What a christmas present waking up from the night before of intense picking on my face I realised this is not normal and googling today and really looking into ocd of scar picking reading other stories on here brought me to tears because I never thought I can relate more. I believe I am Dermatillomania Looking back it started around 11 biting obsessively at my gums, then I went through depression, whenever i had a spot on my arm I'd pick in class it got to the point I had 20 scars on my right arm and people noticed. I bite my nails so picking scars were hard, so I used pencils, tweezers. anything. to pick. Around 15 I stopped the picking, and the doctors said it was "self harm" i guess through depression you sort of believe it. the old scars have heeled but when i sunbathe they come out.
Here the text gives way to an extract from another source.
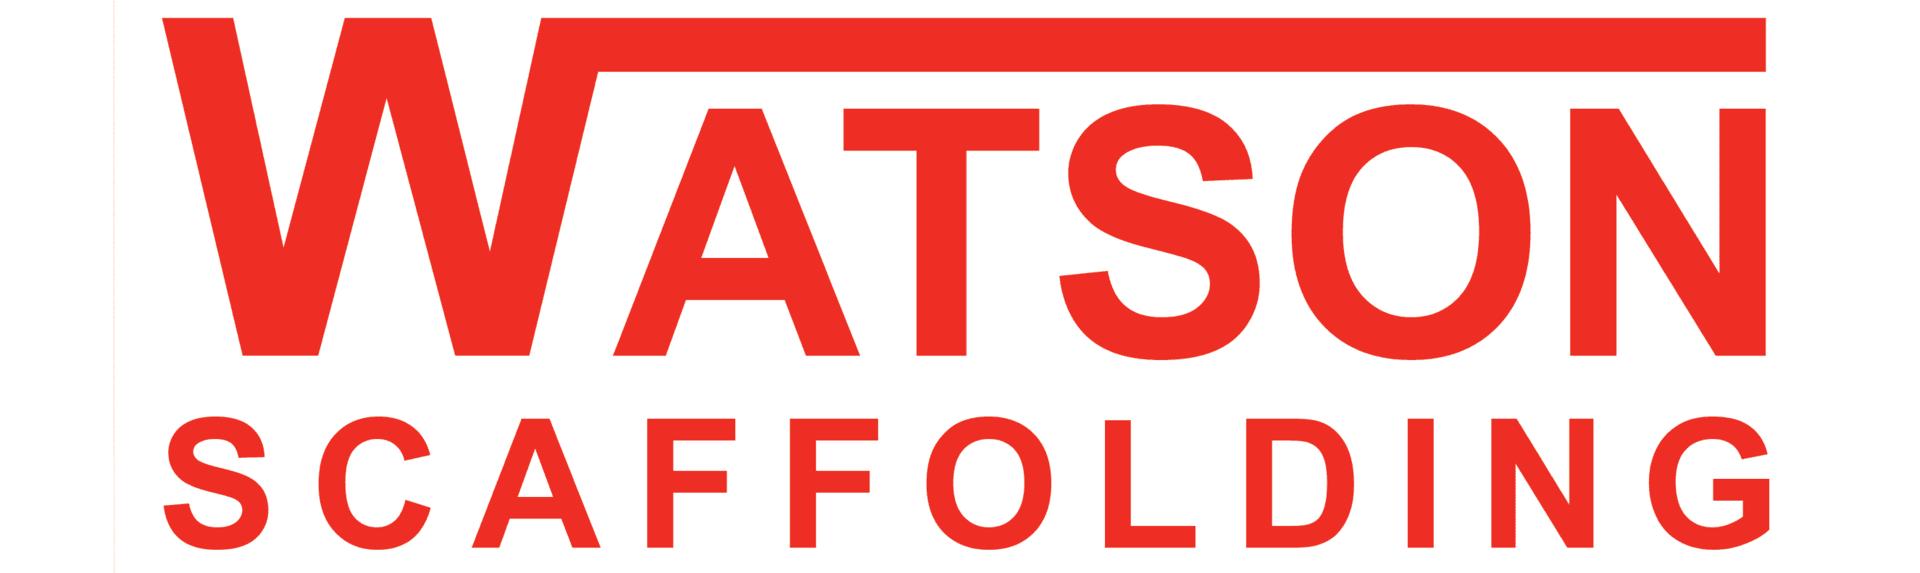 Modern Scaffolding Services logo

Then I started to get spots on my face around 16 it was the odd spot, and it would leave a scar but I hated seeing a spot so I'd pick till the surface was not raised, put makeup ontop and my skin looked flawless. I am turning 20, the scars are now back on my arms, my chest, all over my back and my face. I used to be a pretty girl, with makeup on I can look fine and no one would know what I had. But if i stay over at friends i have to wear makeup the whole night or get up extrmeely early to put on to hide this. Last night I took a towel and rubbed it all over my scars and fast as I could till i felt the skin rub off. It was so painful and I wish I have never done it. its now going to effect every day life as i have not only scars now on my face but big patches of broken skin that not even makeup will hide. Its an embarressing, shameful habit. And im just kind of glad and relieved that I've realised i HAVE a problem , im not alone and that I need to stop this.
1 Answer
Miri
December 28, 2011
I can really relate to your story, I'm so glad I found this site too. I started young as well, a out grade five and the thought of stopping such a long standing habit after so many failed attempts is daunting. I'm hoping that by connecting with people who have similar issues I will be able to find the support I need to overcome this. I'm curious about ways you have tried to stop and if some things work better than others for you?